BEGIN Material to process
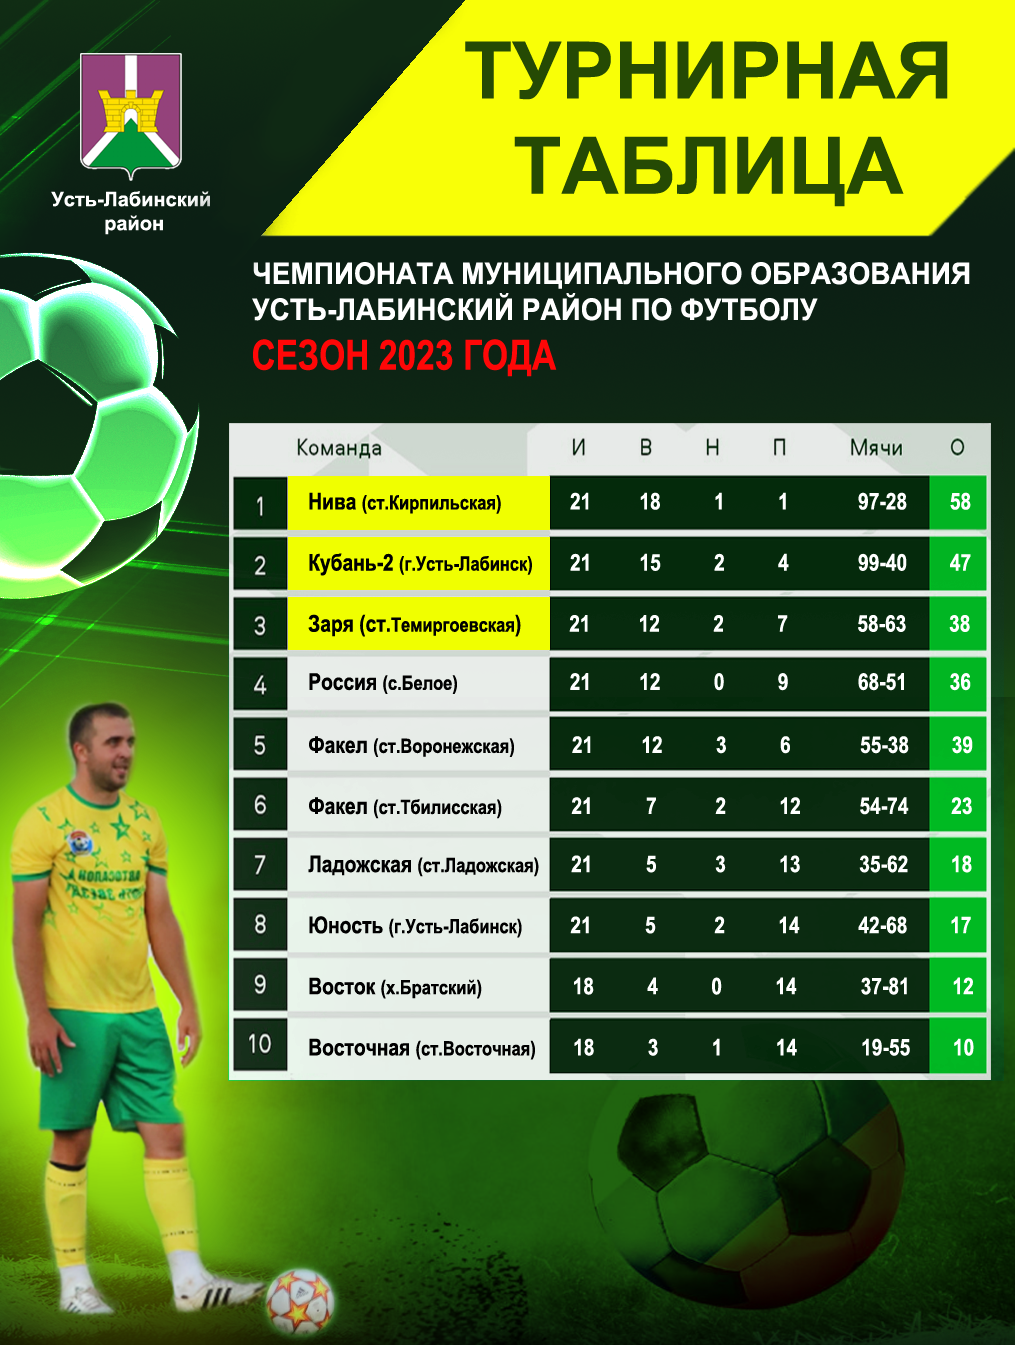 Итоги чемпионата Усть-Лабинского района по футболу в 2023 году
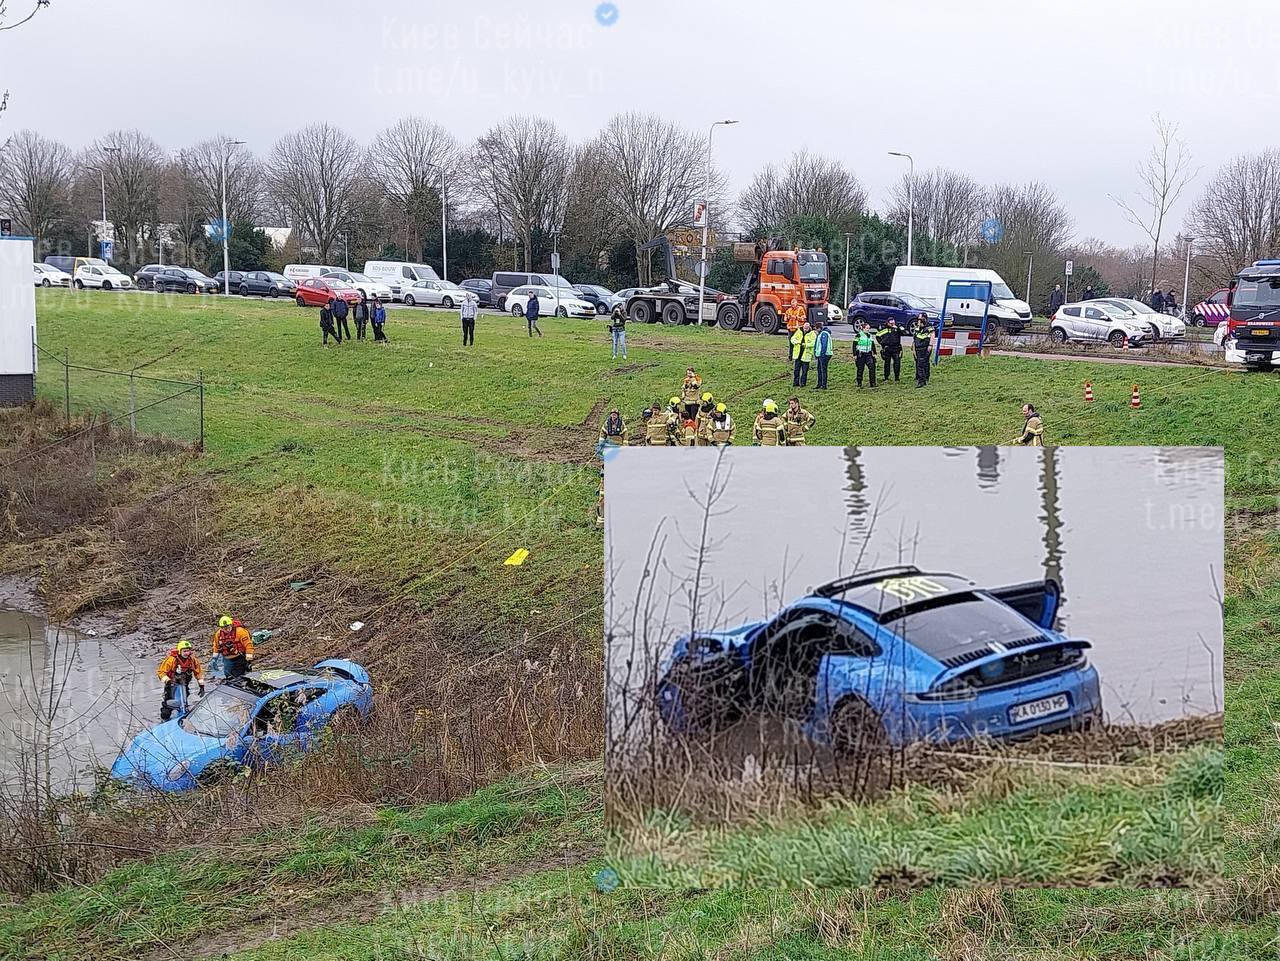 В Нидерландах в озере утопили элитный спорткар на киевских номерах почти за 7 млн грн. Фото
END Material to process
BEGIN Material to process
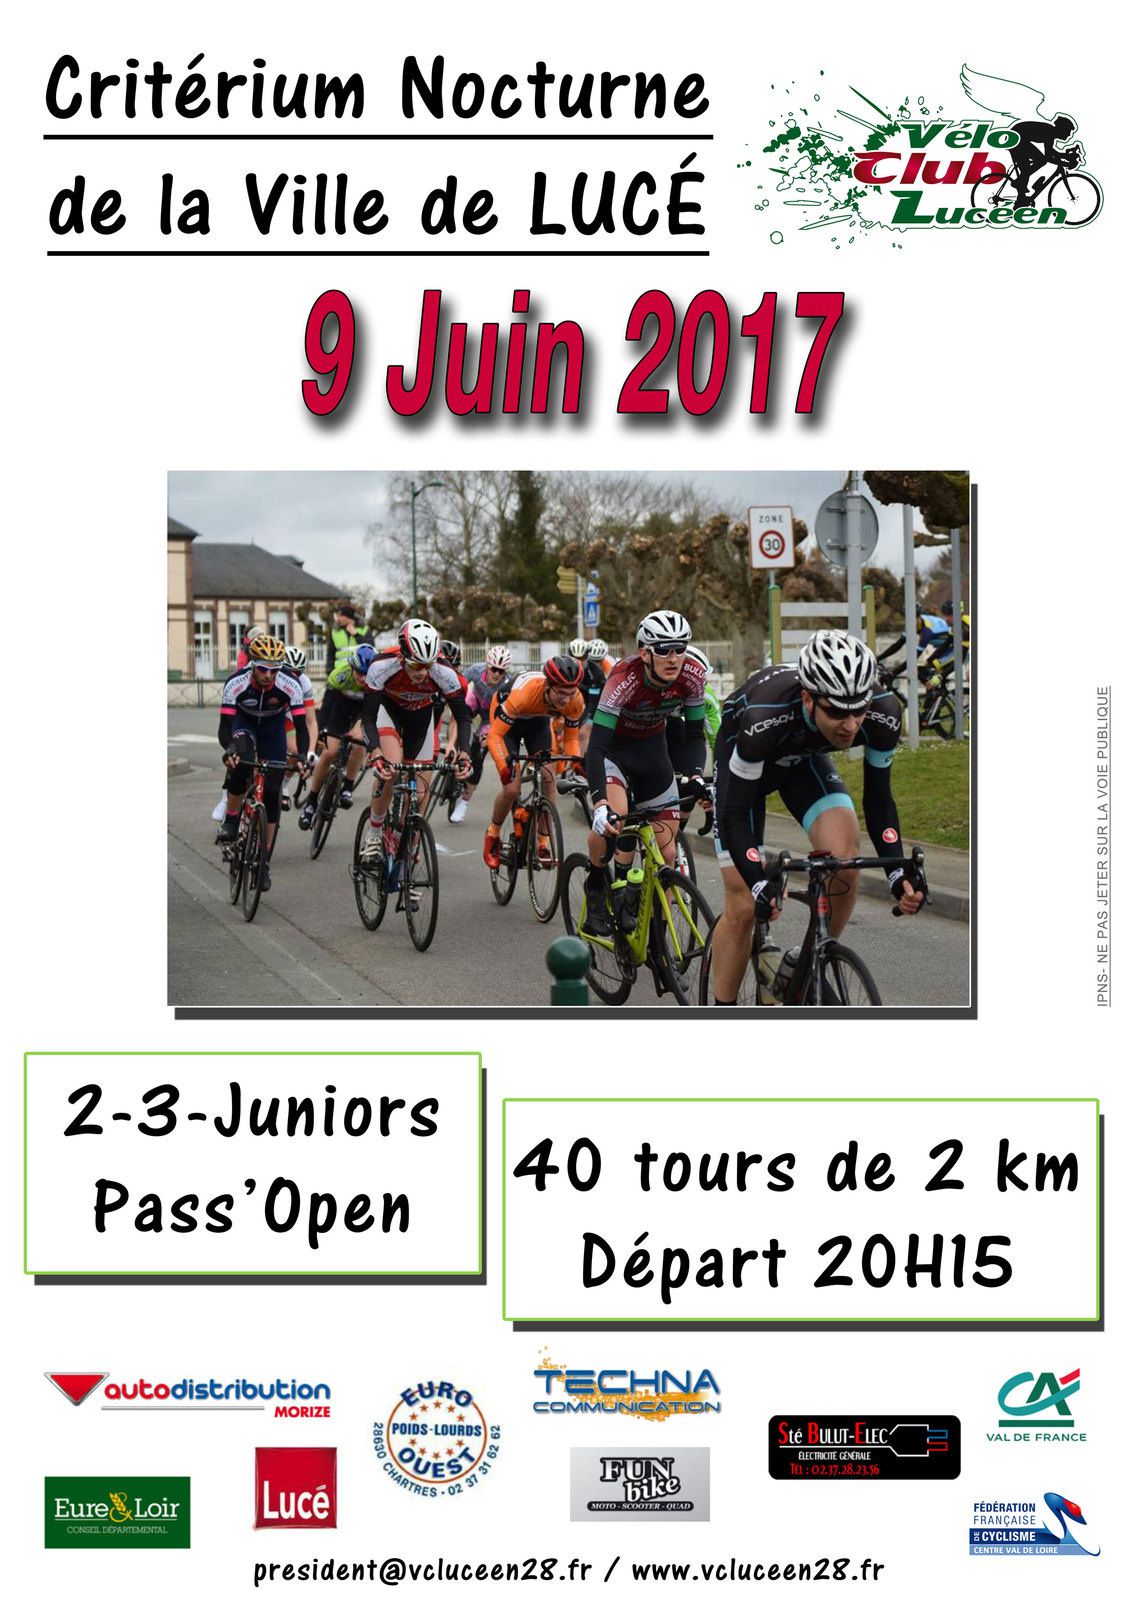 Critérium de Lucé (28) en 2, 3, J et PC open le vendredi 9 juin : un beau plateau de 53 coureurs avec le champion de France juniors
END Material to process
• Work task:
Set down again, word for word, every line from the one with "Итоги чемпионата Усть-Лабинского" to the one with "В Нидерландах в" in the entries above, and omit the pictures.

• Answer to this problem:
 Итоги чемпионата Усть-Лабинского района по футболу в 2023 году
 В Нидерландах в озере утопили элитный спорткар на киевских номерах почти за 7 млн грн. Фото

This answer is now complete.